_TASK DESCRIPTION_. As an exercise, transcribe the data below in full and exactly, omitting pictures.

_INFORMATION PROVIDED_.
______________________________

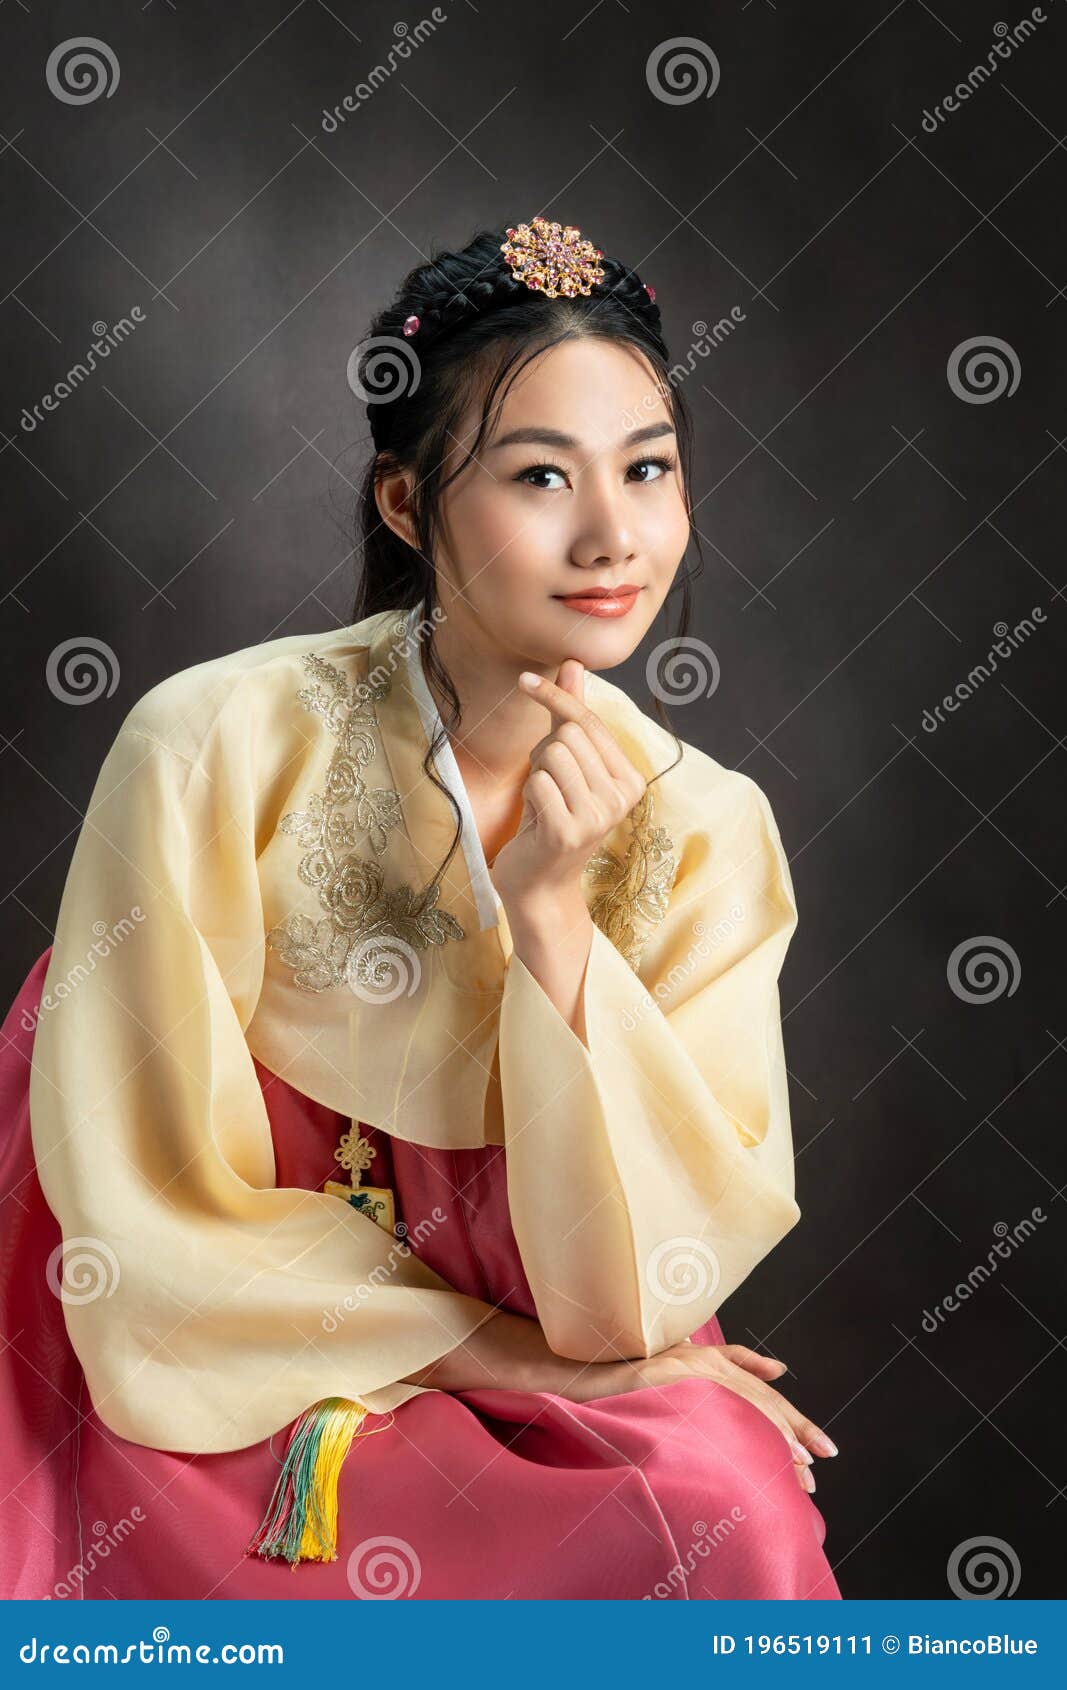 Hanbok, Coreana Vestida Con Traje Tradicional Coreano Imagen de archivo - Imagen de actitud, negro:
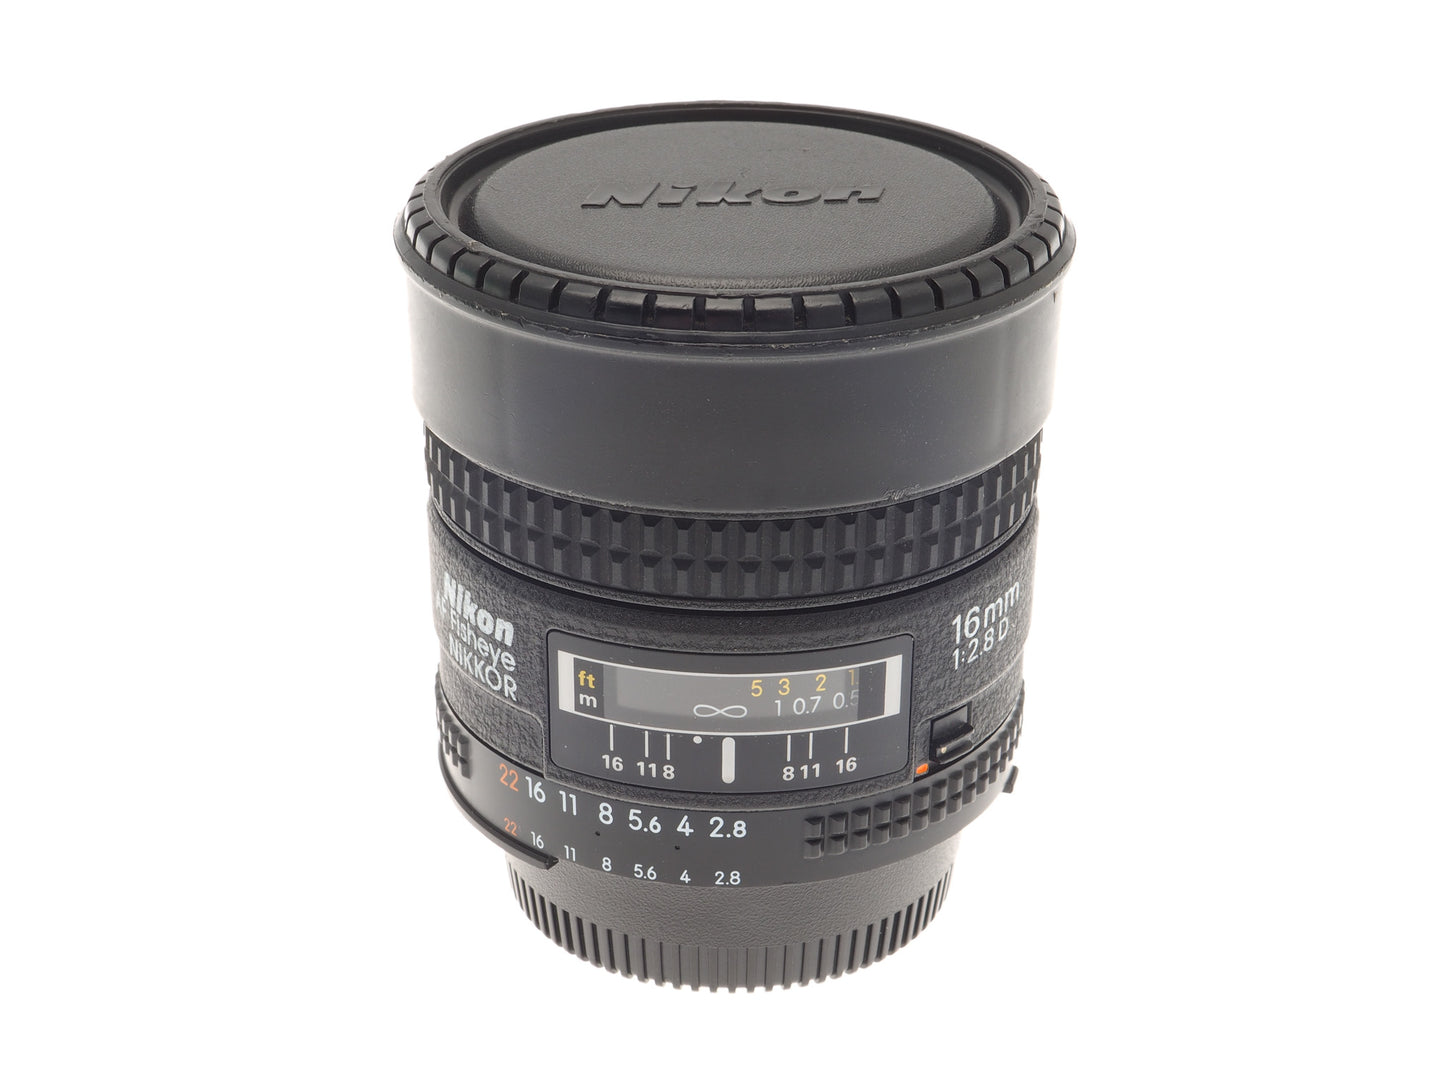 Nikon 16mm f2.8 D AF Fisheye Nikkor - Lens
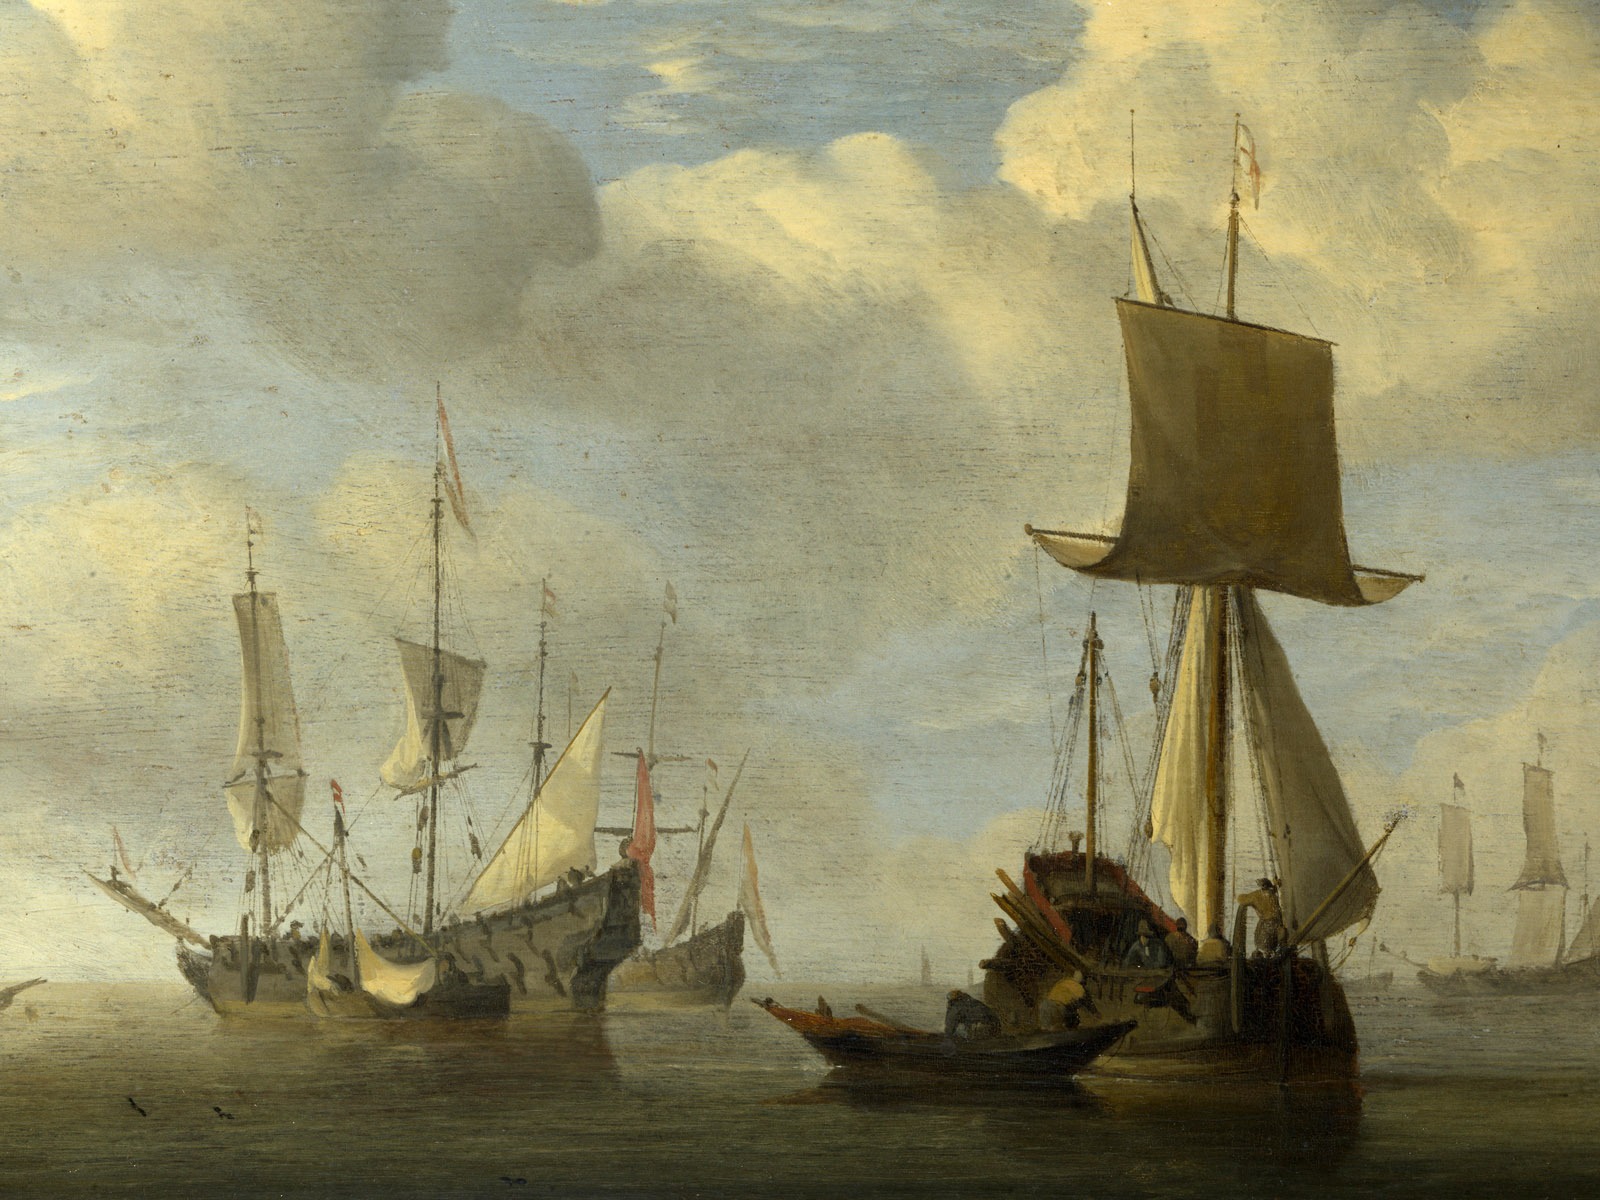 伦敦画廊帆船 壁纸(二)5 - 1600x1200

______________________________

_SOLUTION FOR THIS TASK_.
 Hanbok, Coreana Vestida Con Traje Tradicional Coreano Imagen de archivo - Imagen de actitud, negro:
 Nikon 16mm f2.8 D AF Fisheye Nikkor - Lens
 伦敦画廊帆船 壁纸(二)5 - 1600x1200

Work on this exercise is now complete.